= Lucette Finas =

French author and essayist

Lucette Finas (born 13 July 1921) is a French author and essayist, part of the structuralist movement. She has published several articles relating interviews with French scholars and philosophers in the 1970s, like writers Nathalie Sarraute, philosopher and historian Michel Foucault or philosopher Jacques Derrida. In 1978, she was appointed an officer of the Ordre des Palmes académiques.

==Biography==
She grew up in Grenoble in a working-class family, her father was a railway worker and her mother a glove maker, in the working-class neighborhood of Place Saint-Bruno. Noticed by her teachers for her excellent academic results, thanks to the solid and strict education provided by her neighborhood elementary school, she had the opportunity to study at high school after elementary school, which was the only option available to children of working-class parents at the time. She went on to pursue higher education and university studies. She came second in the women's agrégation in literature in 1947, after devoting herself to Greek and Latin, which she believed would forever be forbidden to her. She moved to Paris in 1950.

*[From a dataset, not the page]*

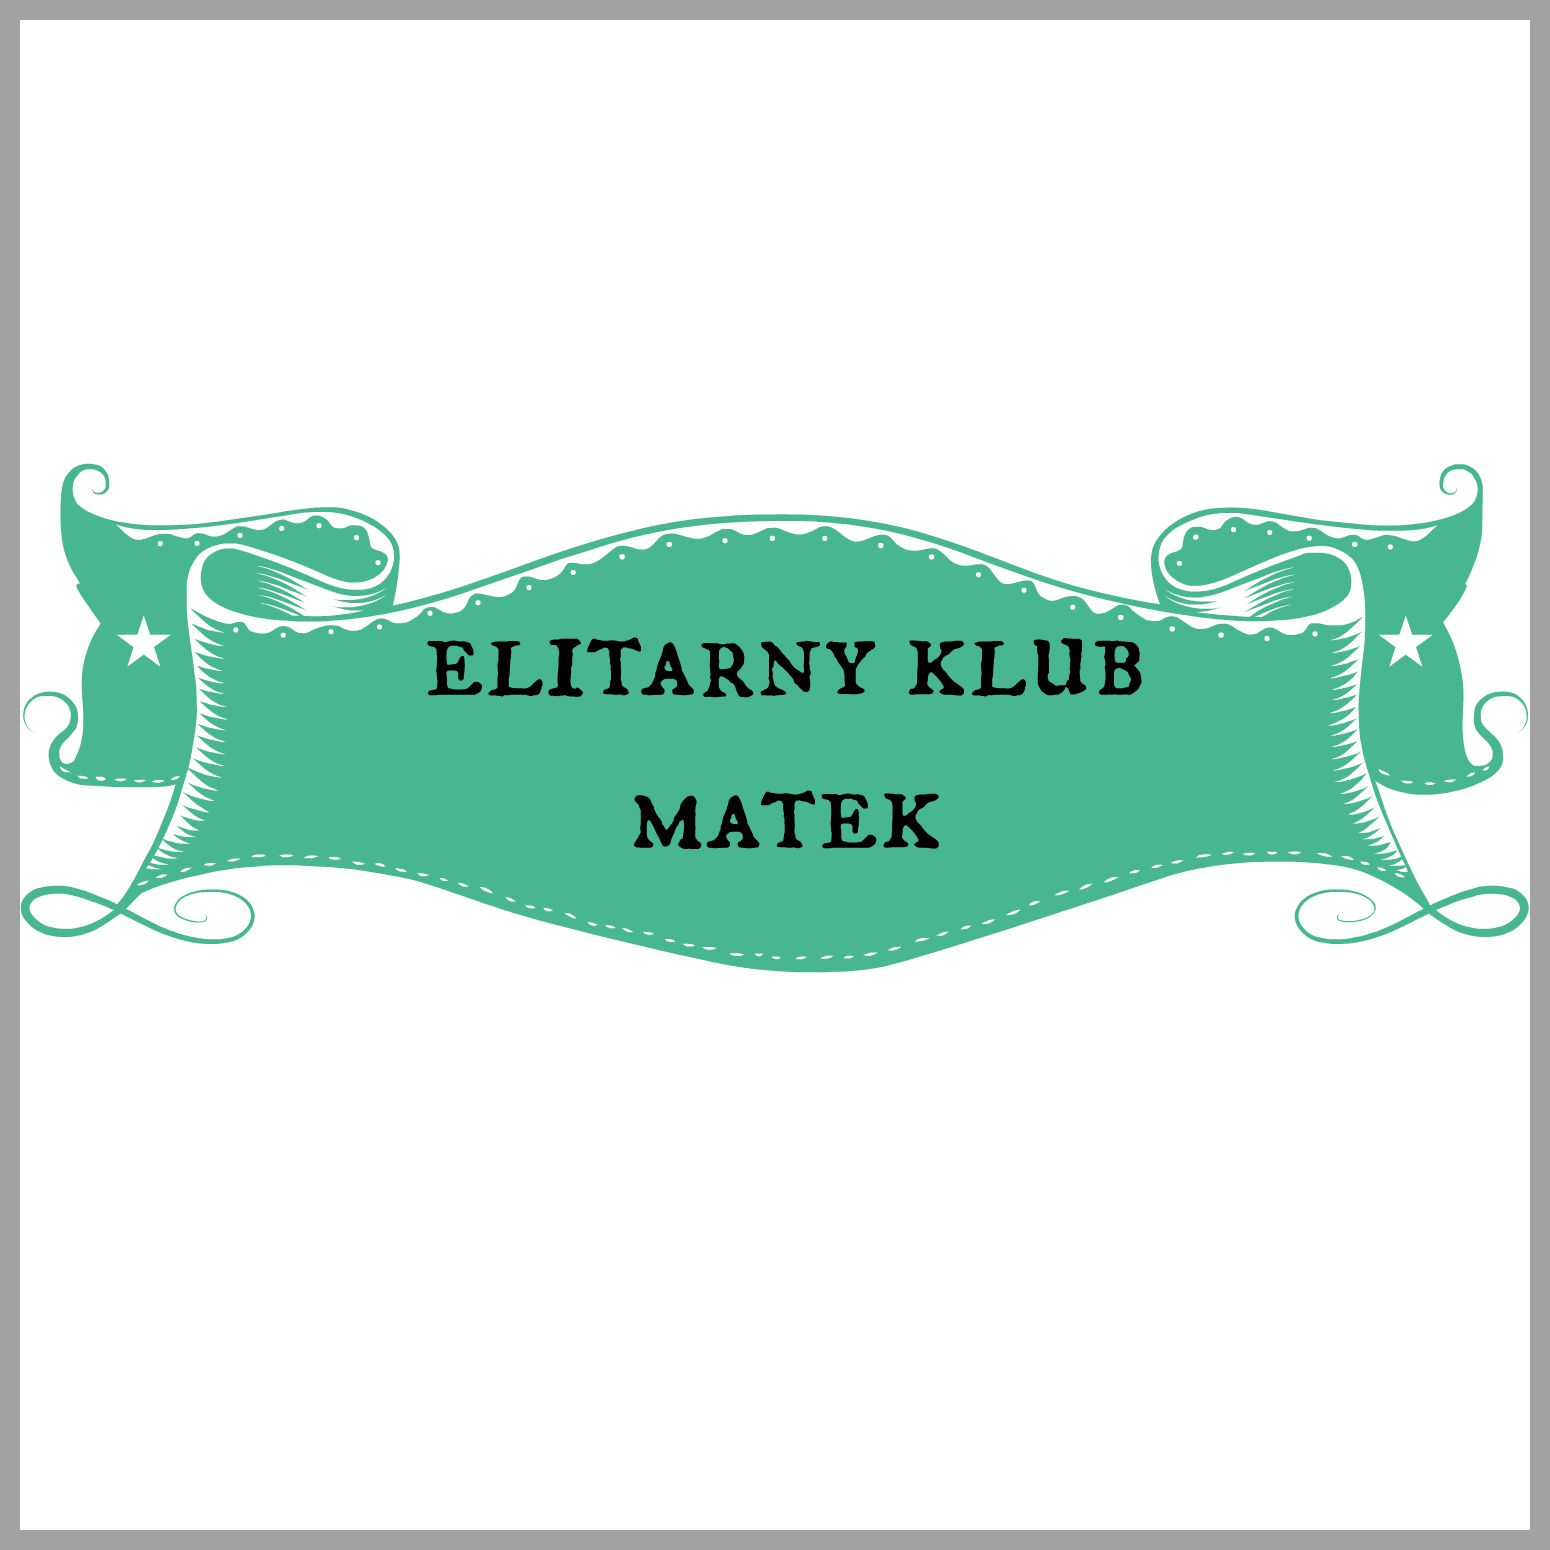 Elitarny klub matek

Shortly after May 1968, Lucette Finas became a professor at Paris 8 University, where she remained until 1988. In 1977, she defended her doctoral thesis, entitled L'Acharnement comme principe et mode de lecture (Persistence as a principle and mode of reading). She is known as a specialist in Georges Bataille, Stéphane Mallarmé, and Jacques Derrida, among others. She contributes to a number of literary journals, in particular La Quinzaine littéraire.

A woman of letters, she worked and exchanged ideas with Hélène Cixous,Jacques Derrida,Roland Barthes, Edmond Jabès, Nathalie Sarraute, Raymond Jean, Claude Mouchard, Pierre Pachet, Michèle Manceaux, and many others.